Jonathan breaks down key three business models categories in edtech, each with unique characteristics and monetisation strategies: service-based, product and platform, and content-based.

  1. Service-based models
    Here you charge based on the effort you put into a service. This could be as simple as a contractor’s cost-plus-time model, or more complex, like a fixed-duration strategy consulting project, or an outcome-based model where fees are dependent on successful transactions. The challenge with service-based models is driving enough value to justify the cost and balancing that at scale. However, with automation and AI, elements of these services can be productised for efficiency.
  2. Product and platform models
    These models generally scale with user volume. They might be:
    License and support: a traditional model where you offer software and its support at a fee. Today, this could involve open-source technology where users pay for licenses or support.
    Subscription: a popular model because of the predictability and recurrence of revenue. Subscription models not only allow for growth within existing customer accounts, but also through acquisition of new customers.
    Ad-funded: although advertising can be a bit more difficult in the education sector due to high stakes — you need to ensure you are showing the right ads to the right people — ad funding is another potential revenue source. Another route that some education platforms opt for is generating revenue through lead generation, which works in a similar way.
  3. Content-based business models
    Charging for content can be done in several ways:
    Subscription: this involves recurring revenue for access to a library of content. The key here is to continually deliver value that justifies ongoing subscriptions.
    Transaction-based: this is a one-time payment for permanent access to specific content.
    Outcome-based: similar to service-based models, this involves charging based on successful outcomes, such as income share agreements.

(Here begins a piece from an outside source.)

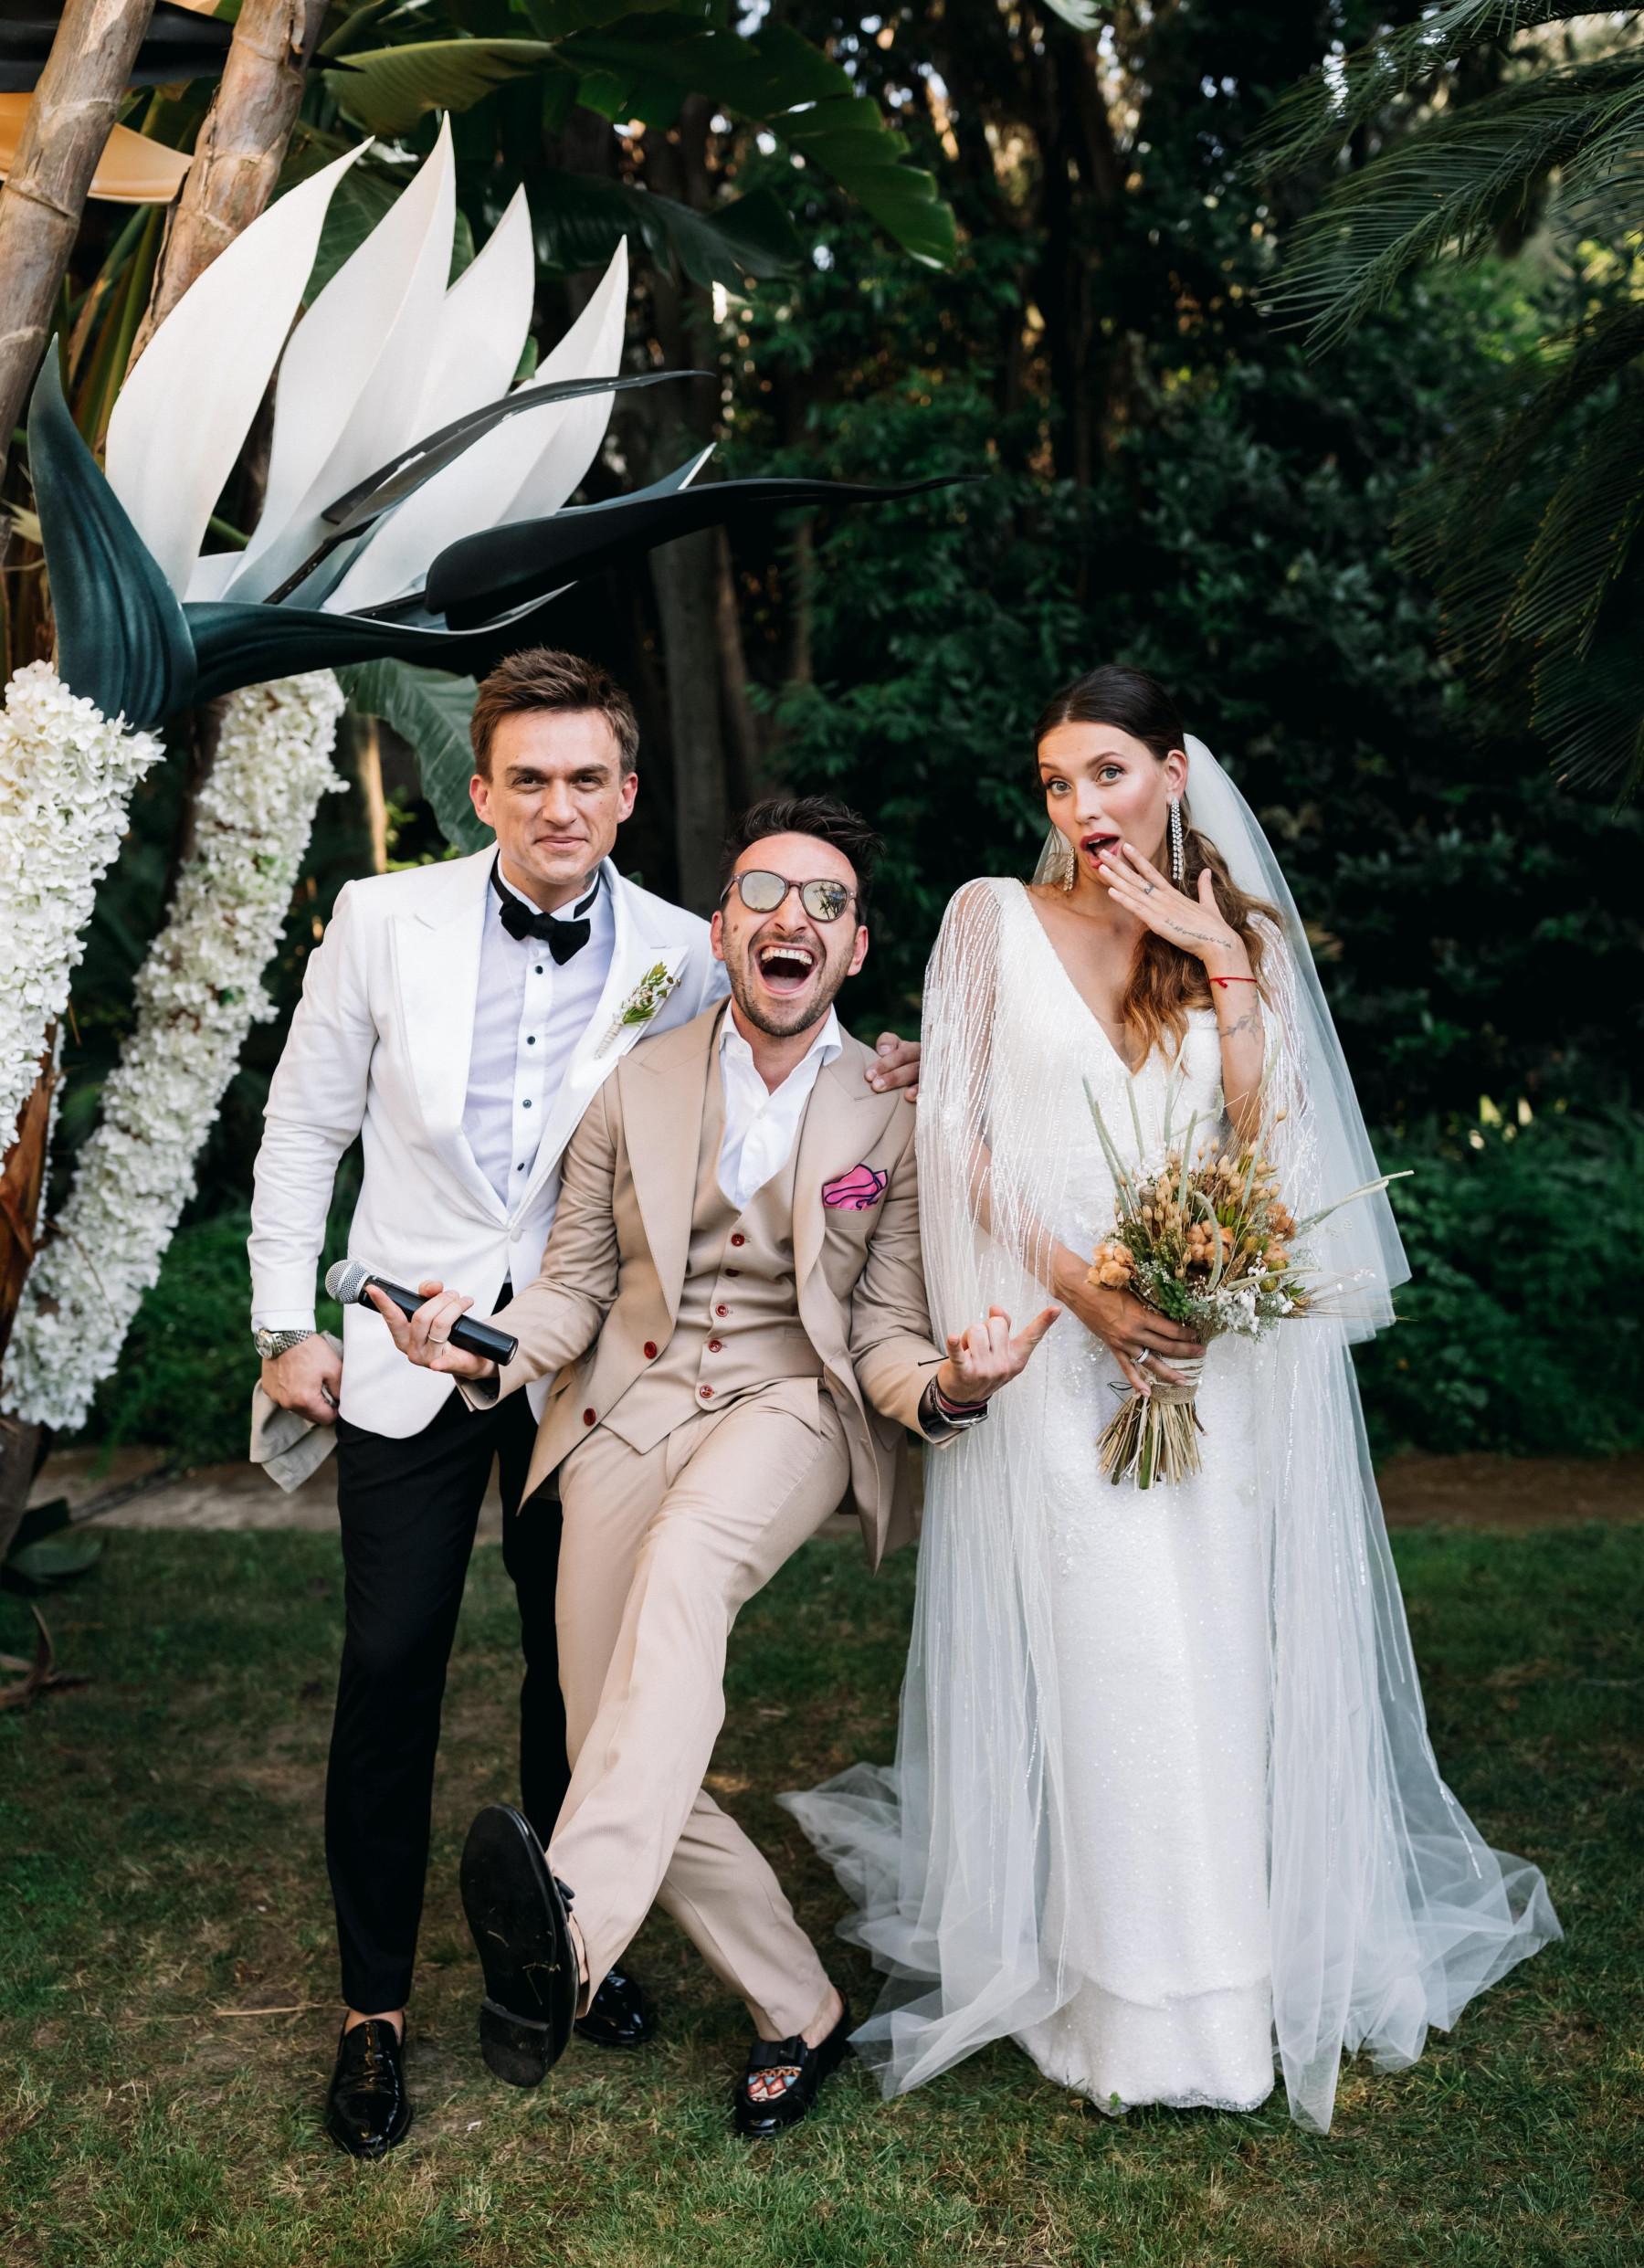 Свадьба Регины Тодоренко и Влада Топалова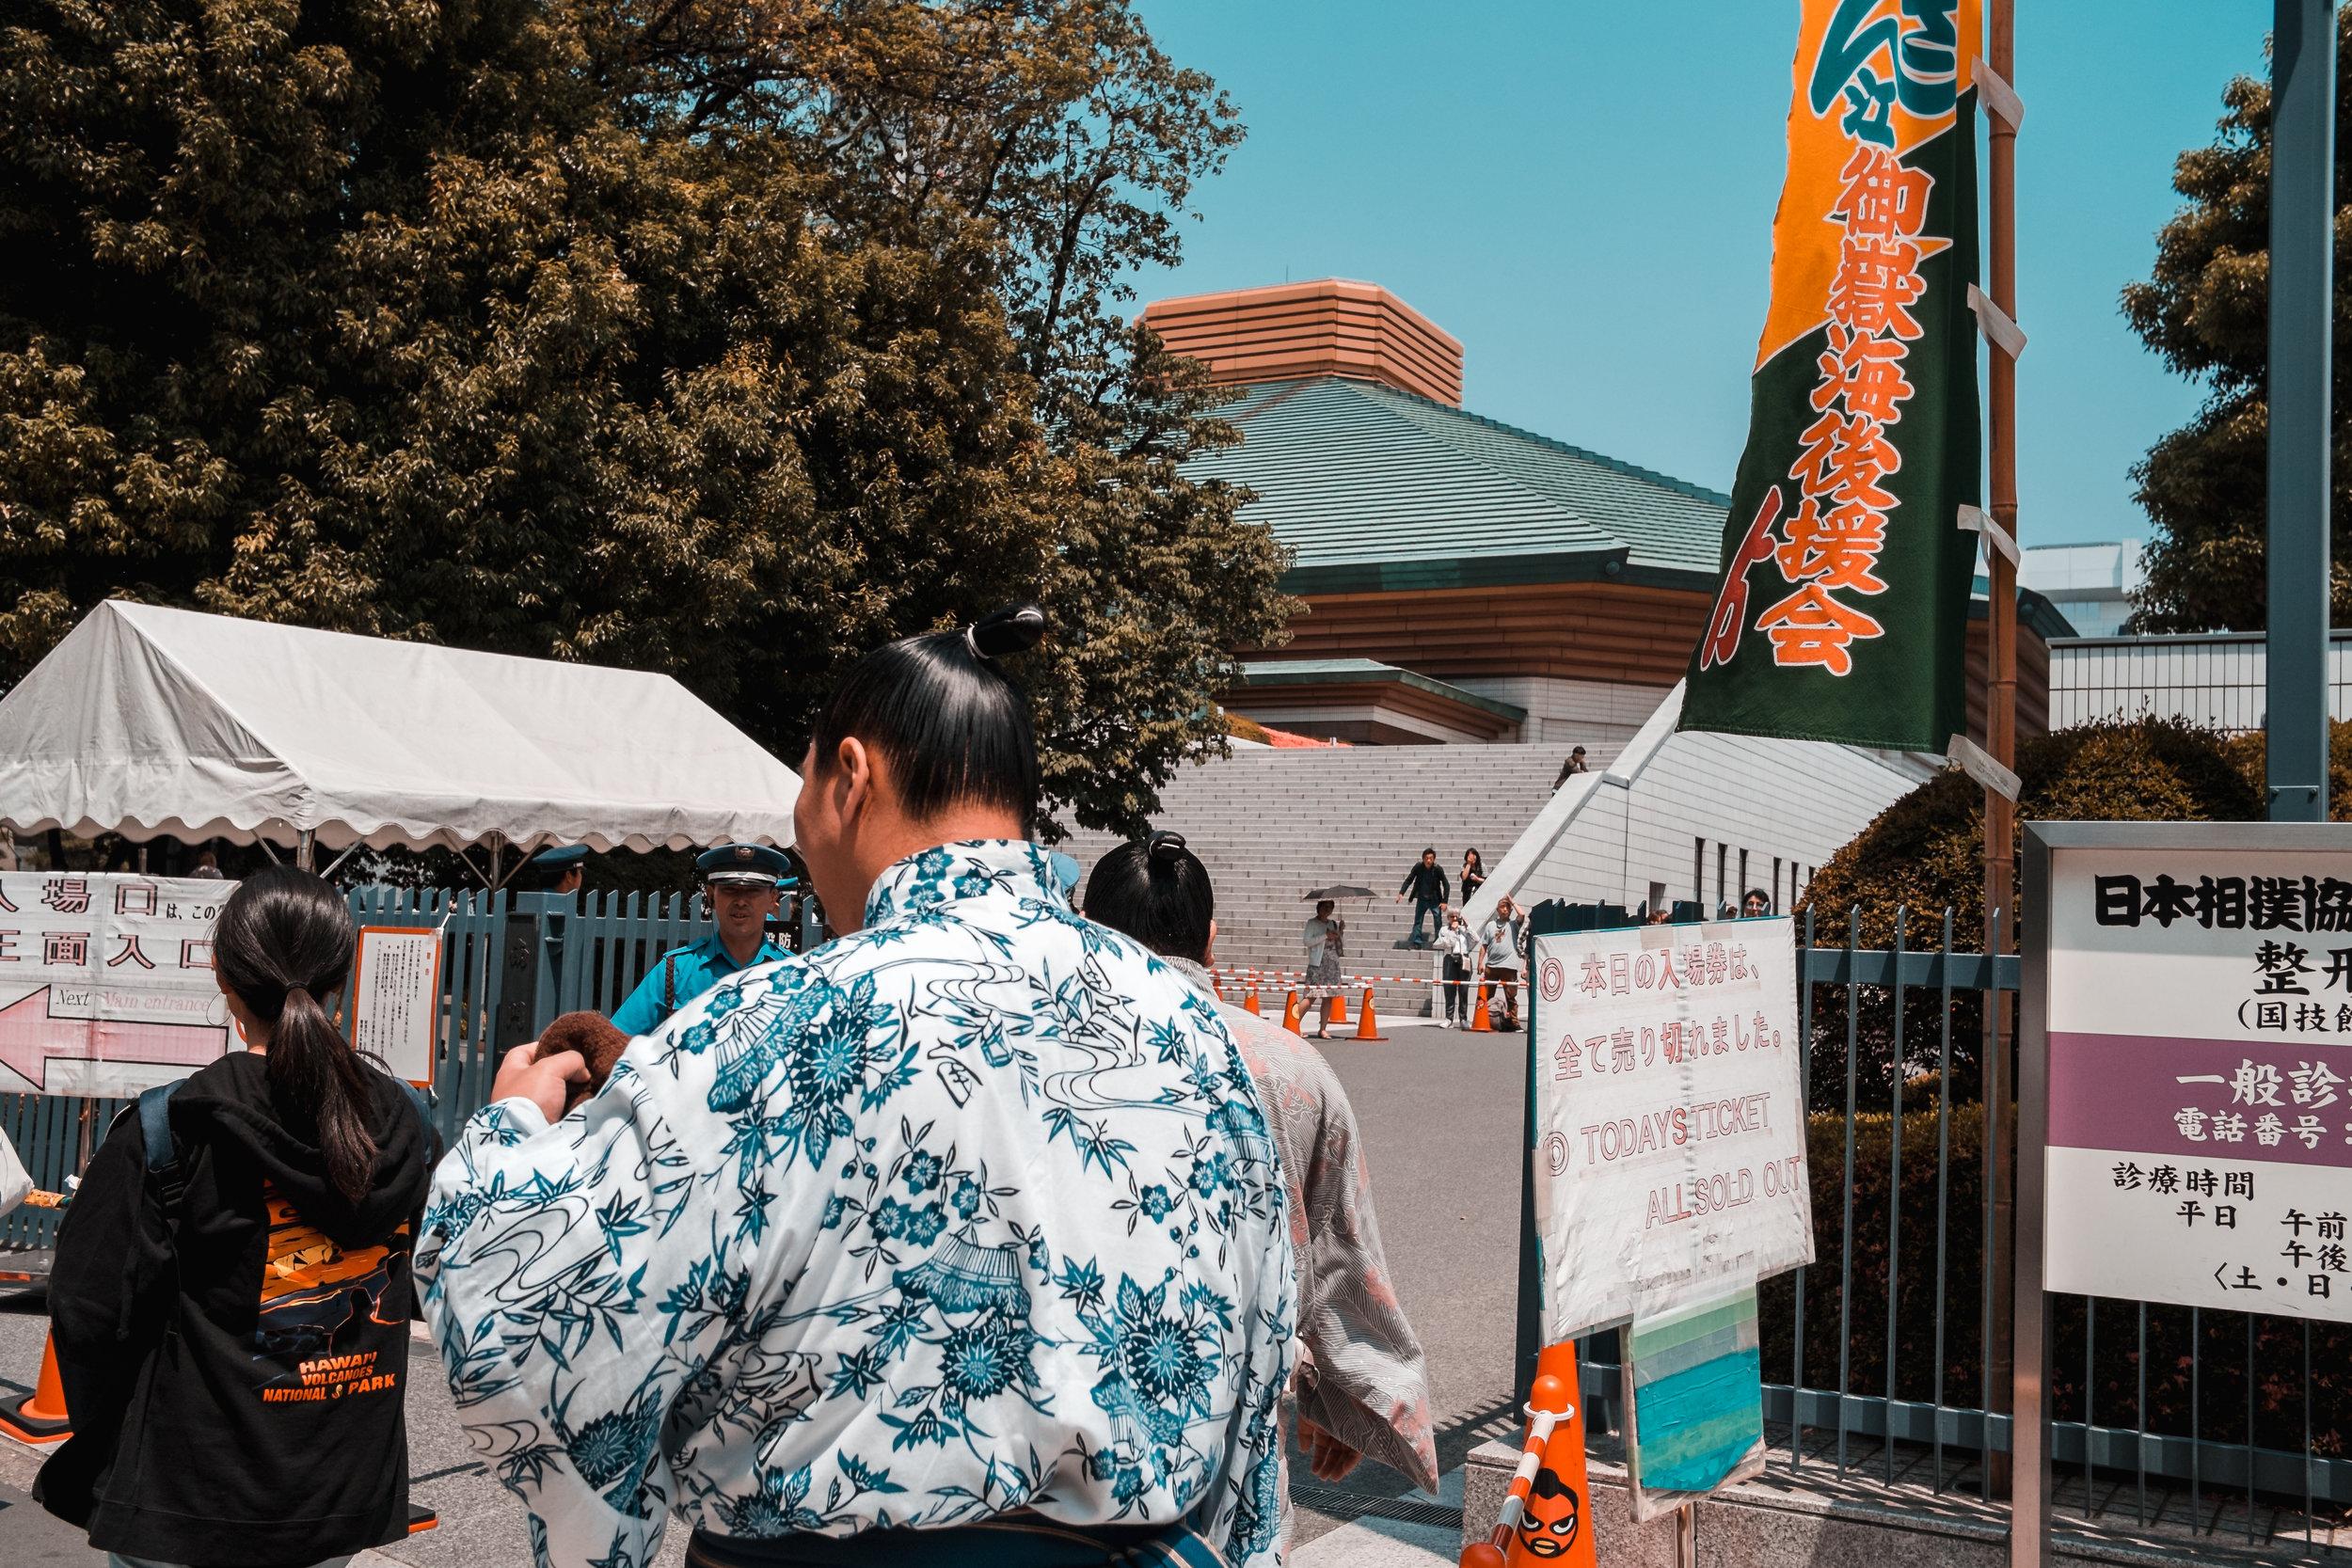 TokyoJapan_2018_AdamDillon_DSCF9381.jpg

Choosing the right business model — or, as is common in edtech, a mix of them— depends on the nature of your product or service, the value it offers, its cost and your target audience. In fact, your business model will likely evolve over time.

Jonathan shares a good example of this — he oversaw a critical business model shift during his time at Cengage, which provides education content and technology to support the learning goals of millions of digital learners worldwide.

Cengage traditionally followed a transaction model, where it sold textbooks as one-time purchases. Every three to four years, it would create and sell new textbooks, leading to significant sales spikes. Recurring revenue was a challenge — Cengage had to continually produce new textbooks and push one-time purchases to customers. As it grappled with the diminishing appeal of the one-time purchase model and the emergence of a used book market, an innovative solution surfaced, courtesy of Amazon and Chegg.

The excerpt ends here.